QUINTO.- La vulneración del derecho a la presunción de inocencia del art. 24.2 de la CE.
Mediante el motivo tercerode apelación denuncia la defensa recurrente la vulneración del derecho a la presunción de inocencia de su defendido, aduciendo en síntesis en su desarrollo argumental que no hay prueba de cargo que permita atribuir al acusado la falsificación del documento que acredita el acuerdo liquidatorio de saldos o el encargo a otro de su realización. Agrega que, si el tribunal no pudo concretar su autoría, al declarar que el documento fue 'elaborado por el acusado directamente o por un tercero bajo su encargo', está sustentando la imputación de la falsificación al acusado en una inadmisible presunción contra reo y excluyendo también sin mayor fundamento su posible elaboración por los propios denunciantes.
El motivo se desestima.
El derecho a la presunción de inocencia, concebida como regla de juicio, entraña el derecho a no ser condenado sin pruebas de cargo válidas ( STC 147/2002, de 15 julio, por todas). El control a través de este recurso de la observancia del derecho fundamental a la presunción de inocencia alcanza, a tenor de una consolidada doctrina constitucional y jurisprudencial - ss. 147/2002, de 15 julio y 135/2003, de 30 junio, del Tribunal Constitucional y 20 septiembre 2000 y 29 septiembre 2008, del Tribunal Supremo, entre otras muchas-: a)la comprobación de la existencia de una prueba en sentido material sobre los hechos y la participación del acusado, b)de contenido incriminatorio, c)lícitamente obtenida y regularmente incorporada al juicio oral, d)suficiente para enervar la presunción de inocencia y e)racionalmente valorada como tal por el tribunal en la fijación de los hechos probados. Esta prueba puede ser, no sólo directa, sino también indiciaria, en cuyo caso aquel control comprende, junto a la prueba del hecho o hechos base, la razonabilidad de la inducción o inferencia que la sentencia debe explicitar ( ss. 180/2002, de 14 octubre y 137/2007, de 4 junio, del Tribunal Constitucional y 10 octubre y 4 diciembre 2007, del Tribunal Supremo).

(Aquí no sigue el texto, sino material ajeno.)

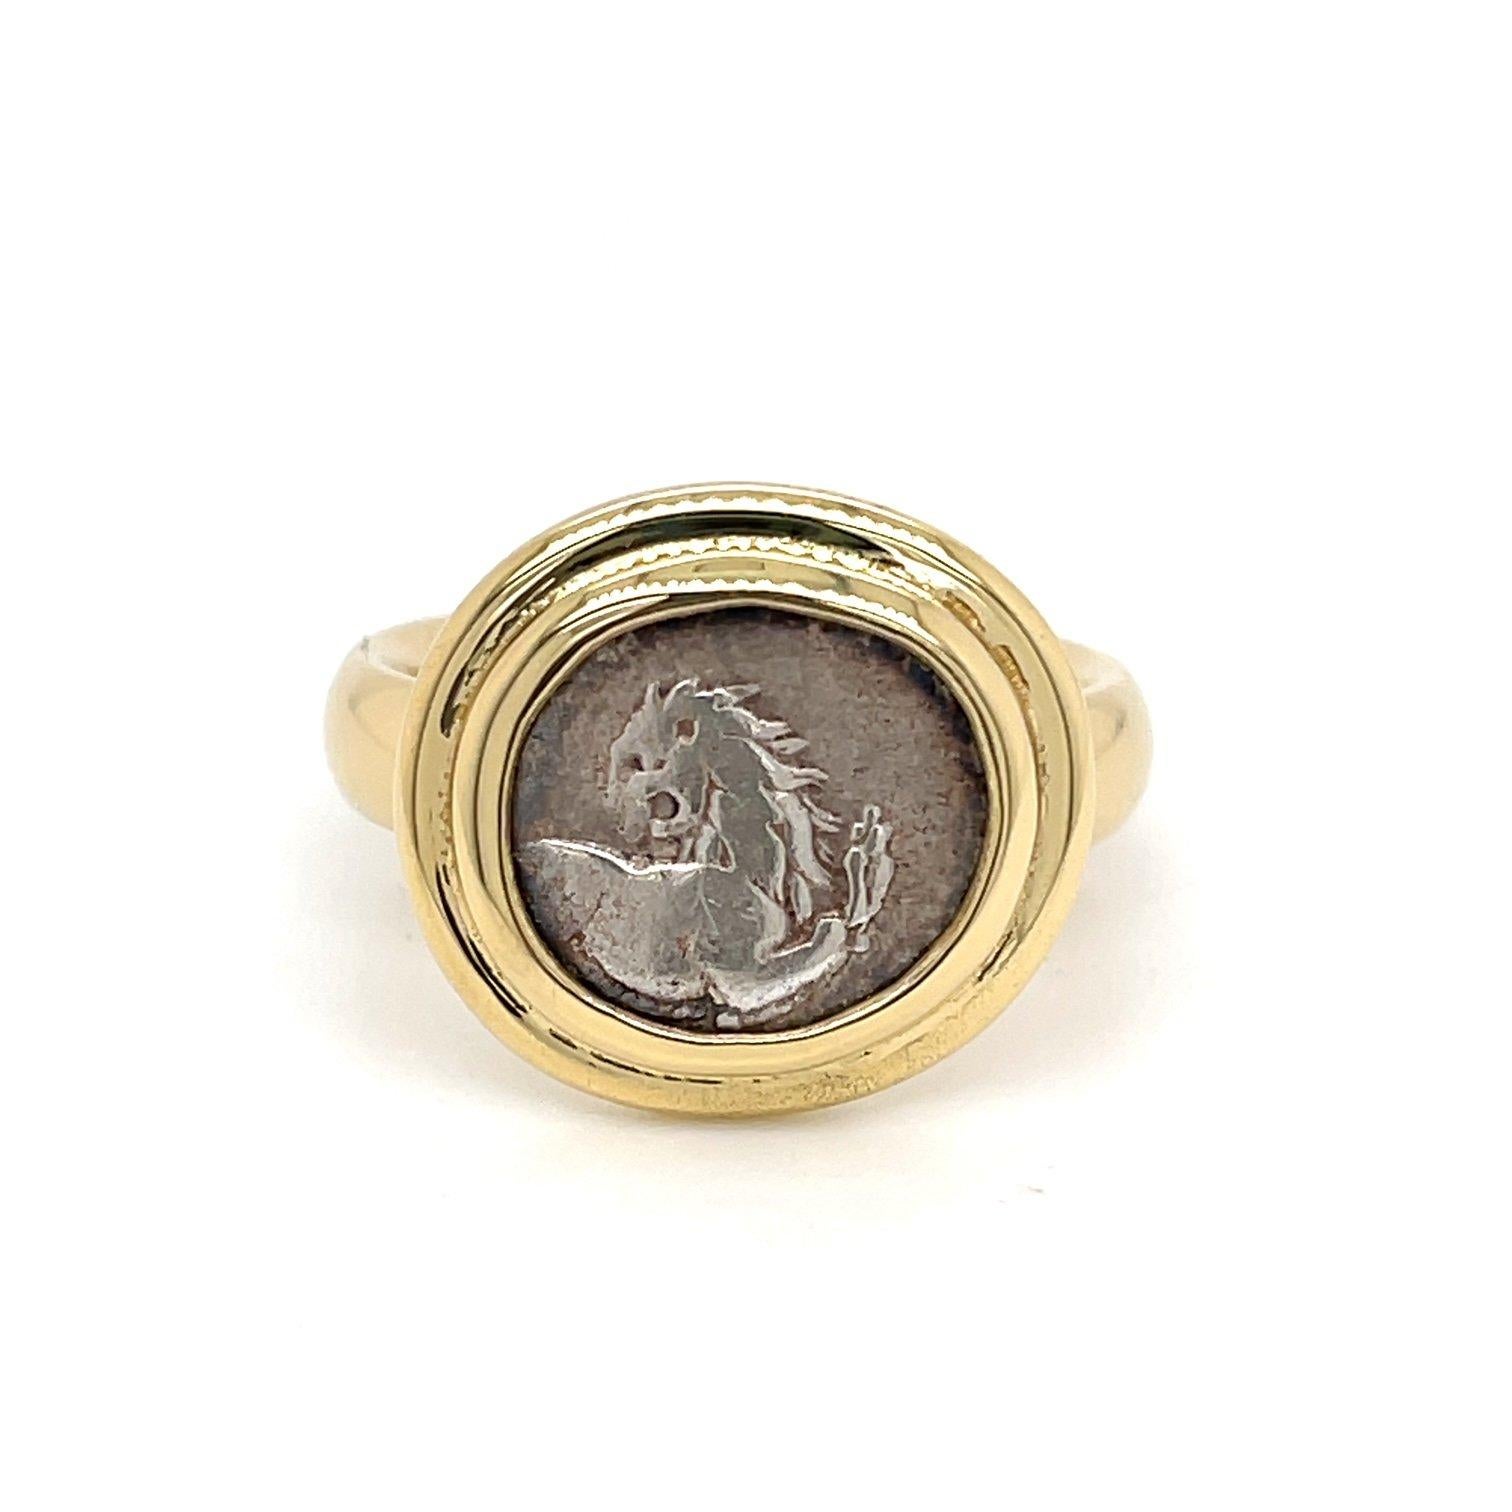 An 18k yellow gold ring set with one Greek lion coin ( Thrace, Chersonesos). Ring size 8. This ring was made an designed by llyn strong.

La sentencia recurrida declara ' sin ningún género de dudas, la fundada e inequívoca convicción, la certeza absoluta, más allá de cualquier duda razonable, de que el acusado elaboró el documento, por si o por medio de tercero, que presentó en su oposición al juicio cambiario, afirmando en él que un documento mendaz, en concreto, un acuerdo de liquidación de deuda, justificaba el pago de la cantidad reclamada'. La Sala juzgadora de primer grado no considera improbada, incierta o dudosa la autoría de los delitos de falsedad y estafa. Lo que no puede determinar, y omite declarar, es si la ejecución material de la falsificación documental utilizada en ellos fue realizada directa y personalmente por el acusado o por otra persona a encargo suyo.
Descarta que el documento en cuestión hubiera sido elaborado por Redosol y suscrito por el denunciante señor Gregorio con firma manuscrita o digital, no porque técnicamente no hubieran podido estampar sus socios la de la plantilla de Excel, sino porque, a tenor del resultado de la prueba practicada en el juicio oral, que ampliamente se ha examinado en el fundamento jurídico precedente (FD 4º.2), la Sala a quorechaza la versión de que el documento en cuestión hubiera sido redactado o aceptado con la firma y sello social por Redosol y entregado o devuelto por uno de sus administradores al acusado en una reunión supuestamente celebrada en Pamplona. Y concluye (pág. 17) que el motivo de que la firma digitalizada del señor Gregorio sea la estampada en el documento de liquidación es que era la utilizada en las facturas y, ' por ello, la única firma de la que disponía el acusado para poder copiar y estampar en el documento de liquidación falso que aportó(al) juicio cambiario para llevar a engaño al Juez en relación a la única oposición posible cual era el pago o cumplimiento'. La falsificación procede -en la estimación de los juzgadores de primera instancia- de la órbita de la empresa deudora en cuyo nombre firmó el acusado los pagarés del juicio cambiario y fue efectuada en la forma relatada.
Se trata de una deducción o inferencia razonable y razonada en su sentencia por los juzgadores de primer grado. A la pregunta clásica ' cui prodest' (a quién aprovecha o beneficia) la realidad del convenio liquidatorio documentado, la respuesta evidente en buena lógica no es otra que a la deudora cambiaria Hikari, que con la oposición del acuerdo podría neutralizar la reclamación e impedir la ejecución forzosa de los pagarés de Redosol en juicio cambiario. A la sociedad Redosol, titular de un crédito cambiario por importe de 55.000 euros susceptible de inmediata ejecución, en nada aprovecha un convenio por el que renuncia a los 'saldos pendientes' entre ambas empresas a cambio de un cheque por importe de 5.100 euros.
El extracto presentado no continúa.